In one embodiment, a kind of computer equipment, including memory and processor are provided, is stored in memory
The step of computer program, which realizes above-mentioned method for detecting lane lines when executing computer program.Lane line is examined herein
The step of survey method, can be the step in the method for detecting lane lines of above-mentioned each embodiment.
In one embodiment, a kind of computer readable storage medium is provided, computer program is stored thereon with, is calculated
The step of machine program realizes above-mentioned method for detecting lane lines when being executed by processor.The step of method for detecting lane lines can be with herein
It is the step in the method for detecting lane lines of above-mentioned each embodiment.
Those of ordinary skill in the art will appreciate that realizing all or part of the process in above-described embodiment method, being can be with
Relevant hardware is instructed to complete by computer program, the computer program can be stored in a non-volatile computer
In read/write memory medium, the computer program is when being executed, it may include such as the process of the embodiment of above-mentioned each method.Wherein,
To any reference of memory, storage, database or other media used in each embodiment provided herein,
Including non-volatile and/or volatile memory.Nonvolatile memory may include read-only memory (ROM), programming ROM
(PROM), electrically programmable ROM (EPROM), electrically erasable ROM (EEPROM) or flash memory.Volatile memory may include
Random access memory (RAM) or external cache.By way of illustration and not limitation, RAM is available in many forms,
Such as static state RAM (SRAM), dynamic ram (DRAM), synchronous dram (SDRAM), double data rate sdram (DDRSDRAM), enhancing
Type SDRAM (ESDRAM), synchronization link (Synchlink) DRAM (SLDRAM), memory bus (Rambus) direct RAM
(RDRAM), direct memory bus dynamic ram (DRDRAM) and memory bus dynamic ram (RDRAM) etc..
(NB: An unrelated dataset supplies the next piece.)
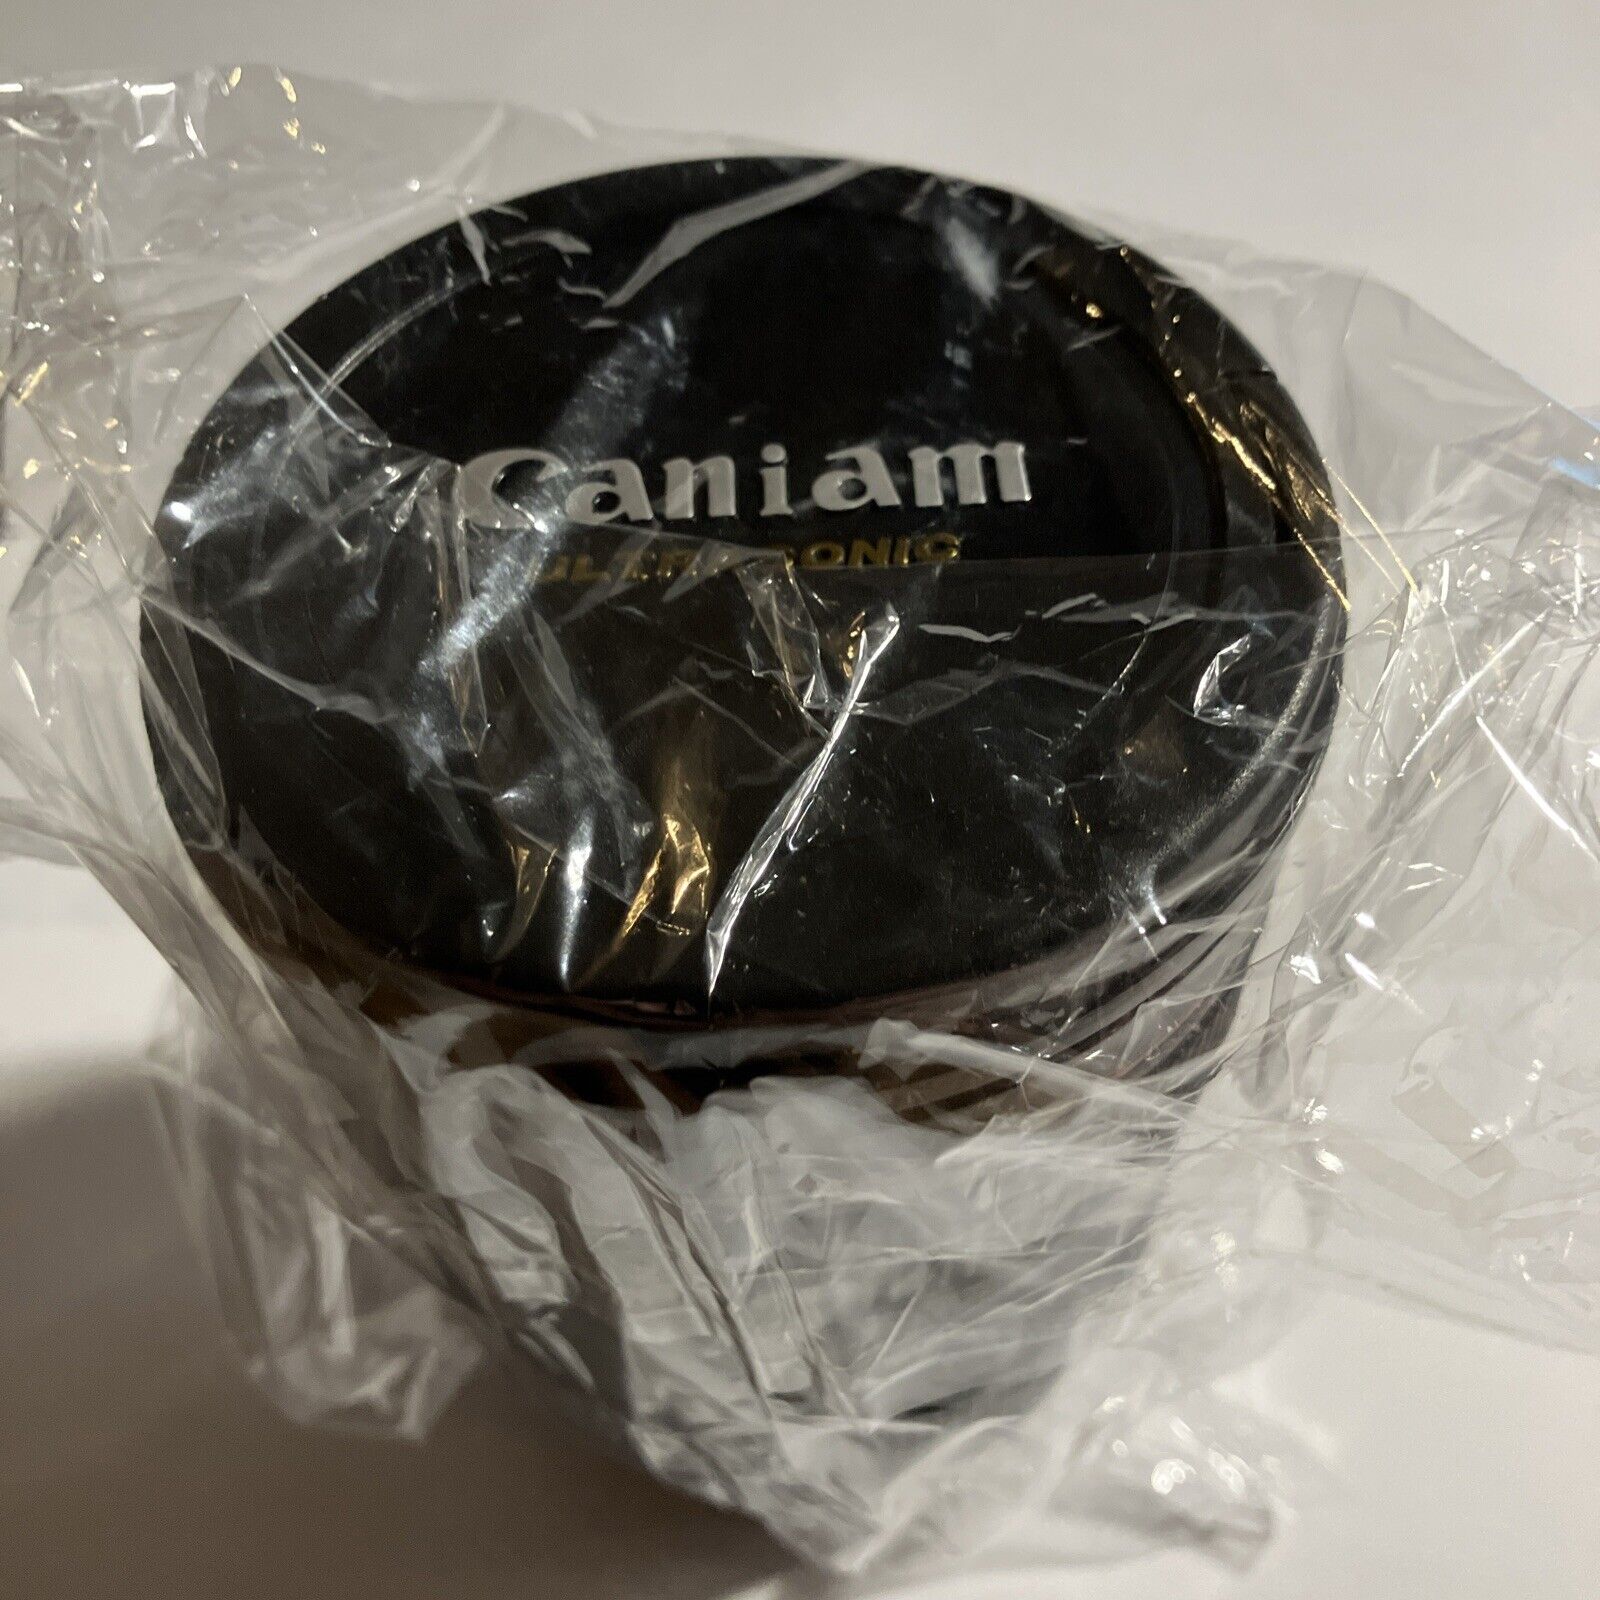 Caniam Ultrasonic Zoom Lens 24 - 105mm Coffee Cup Mug Cup Macro Lens Travel Mug

Each technical characteristic of above embodiments can be combined arbitrarily, for simplicity of description, not to above-described embodiment
In each technical characteristic it is all possible combination be all described, as long as however, the combination of these technical characteristics be not present lance
Shield all should be considered as described in this specification.
The several embodiments of the application above described embodiment only expresses, the description thereof is more specific and detailed, but simultaneously
It cannot therefore be construed as limiting the scope of the patent.It should be pointed out that coming for those of ordinary skill in the art
It says, without departing from the concept of this application, various modifications and improvements can be made, these belong to the protection of the application
Range.Therefore, the scope of protection shall be subject to the appended claims for the application patent.